• **EXERCISE DATA**:

----

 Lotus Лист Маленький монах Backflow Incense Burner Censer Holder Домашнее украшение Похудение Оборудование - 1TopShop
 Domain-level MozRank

----

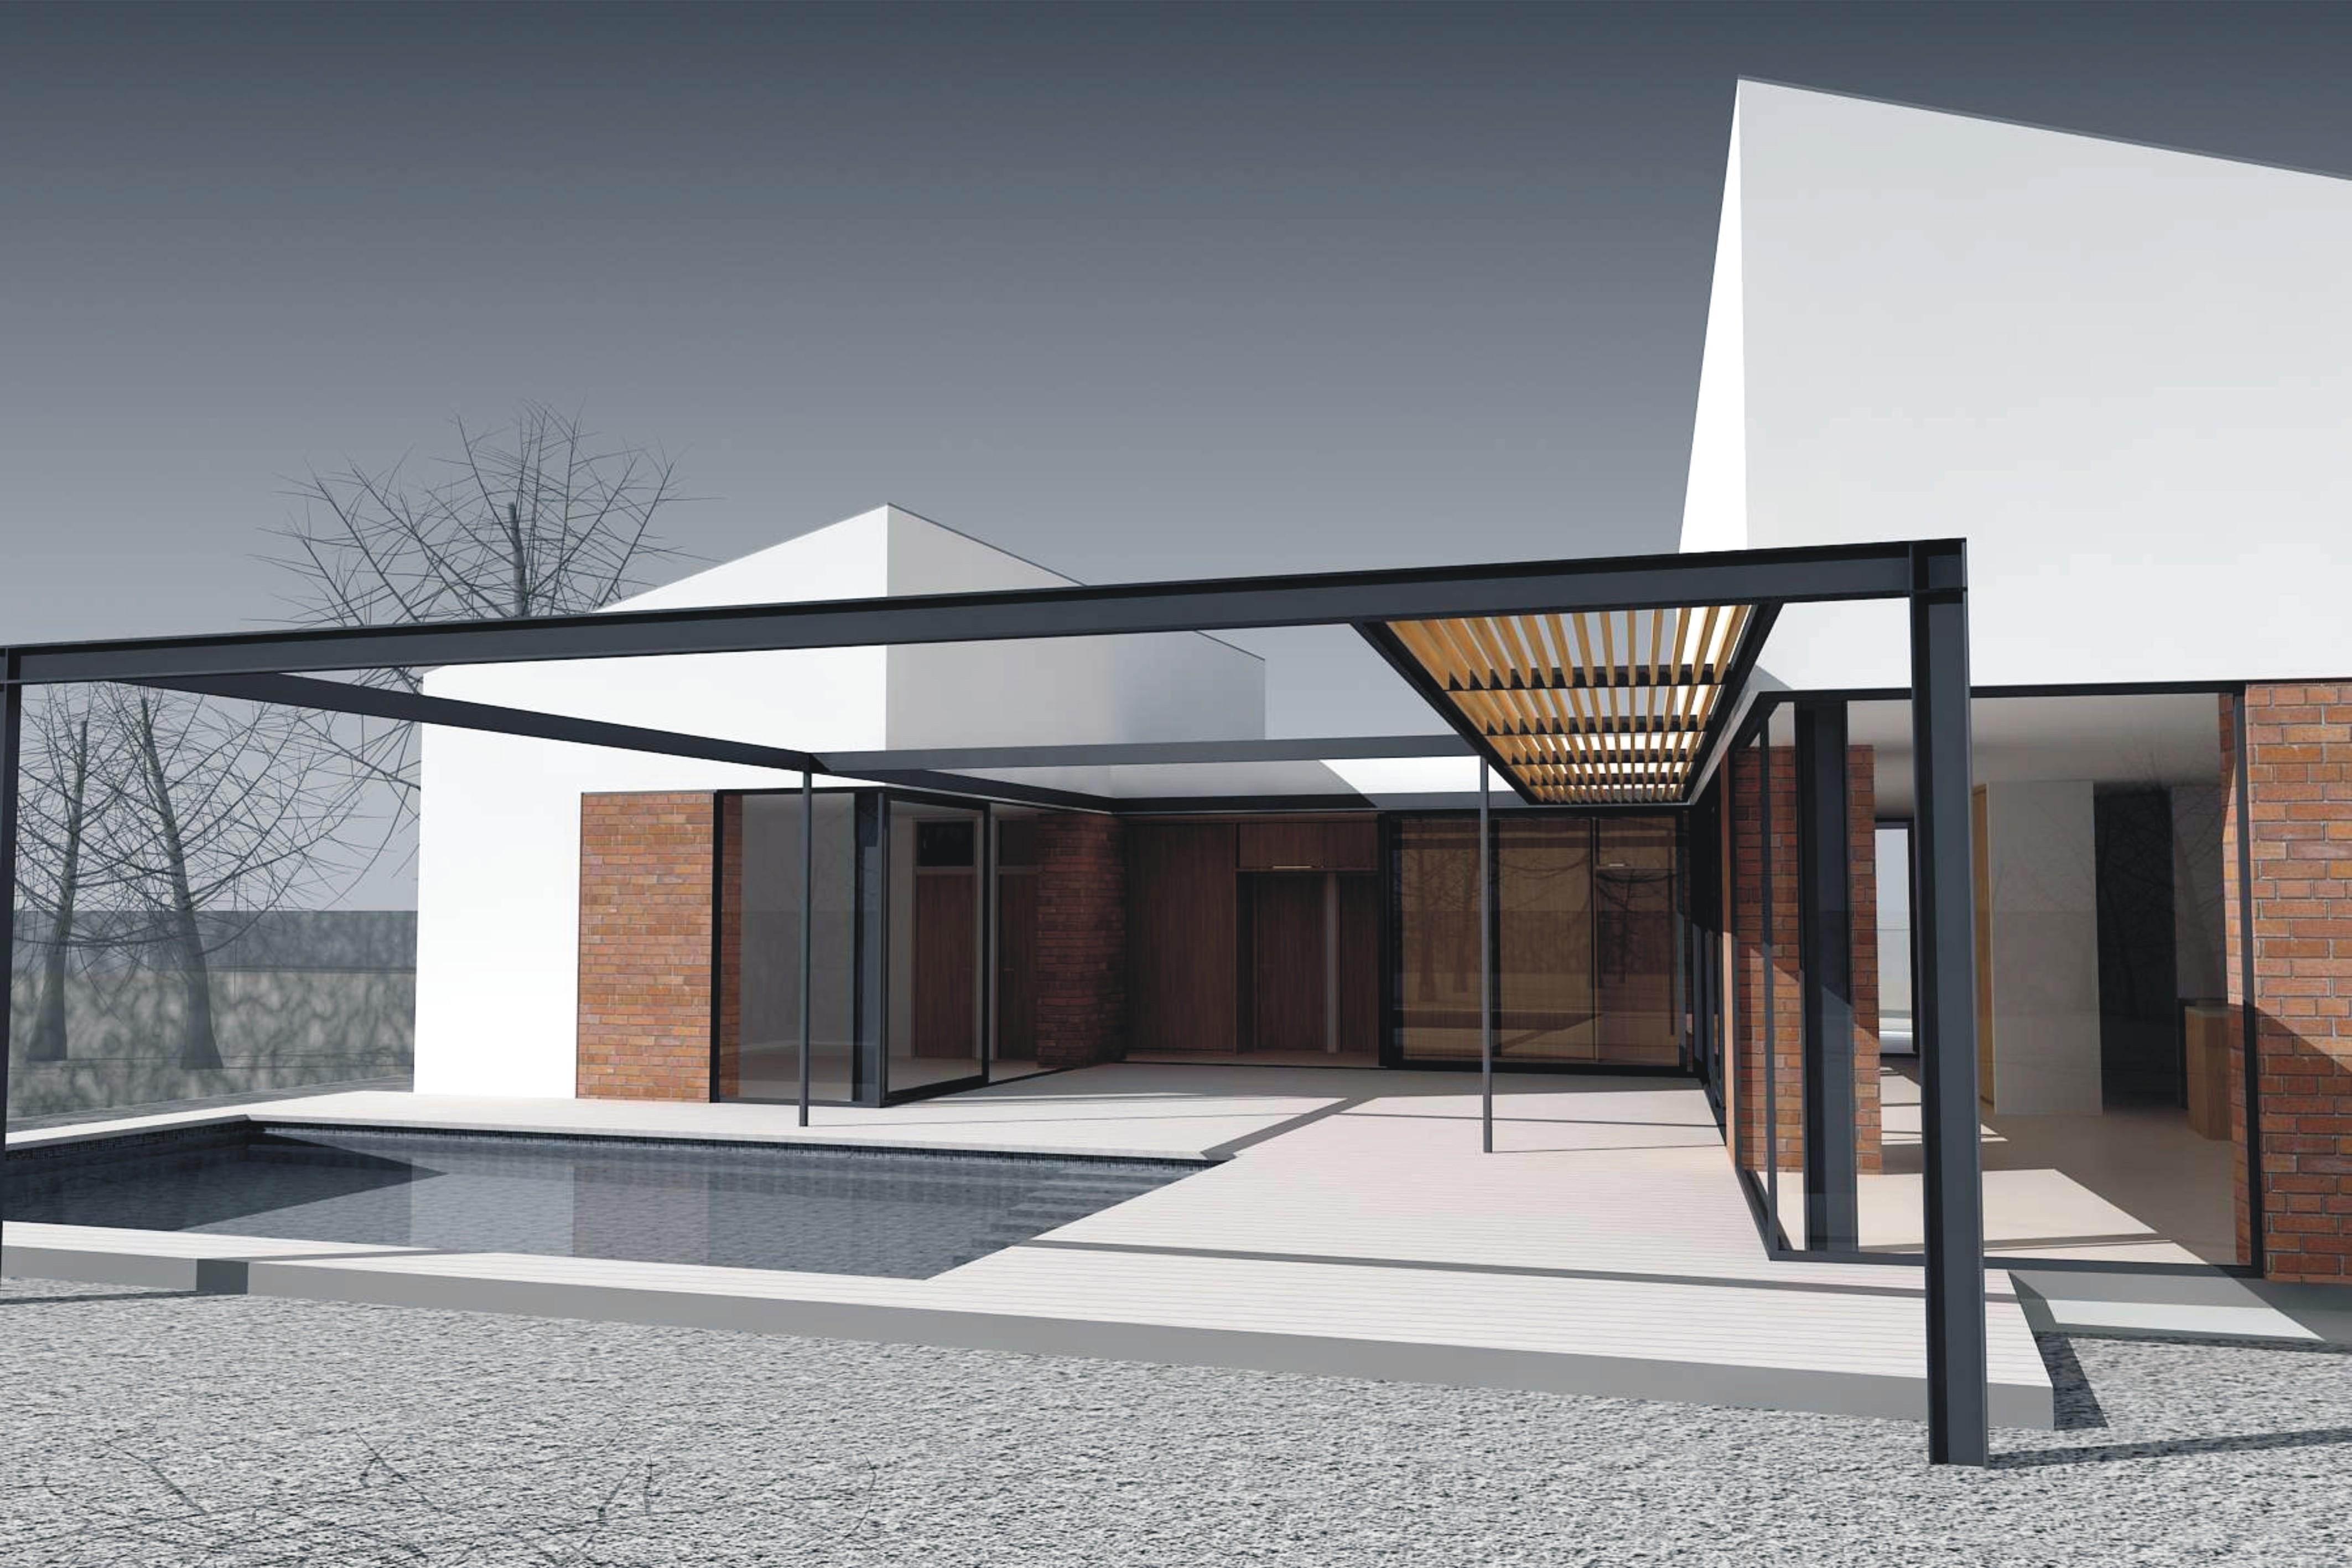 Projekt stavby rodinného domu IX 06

----

Beginning with the line that has "Lotus Лист Маленький" and ending with the line that has "Domain-level MozRank", set down the lines above exactly and include no others.

• **FINISHED TASK**:
 Lotus Лист Маленький монах Backflow Incense Burner Censer Holder Домашнее украшение Похудение Оборудование - 1TopShop
 Domain-level MozRank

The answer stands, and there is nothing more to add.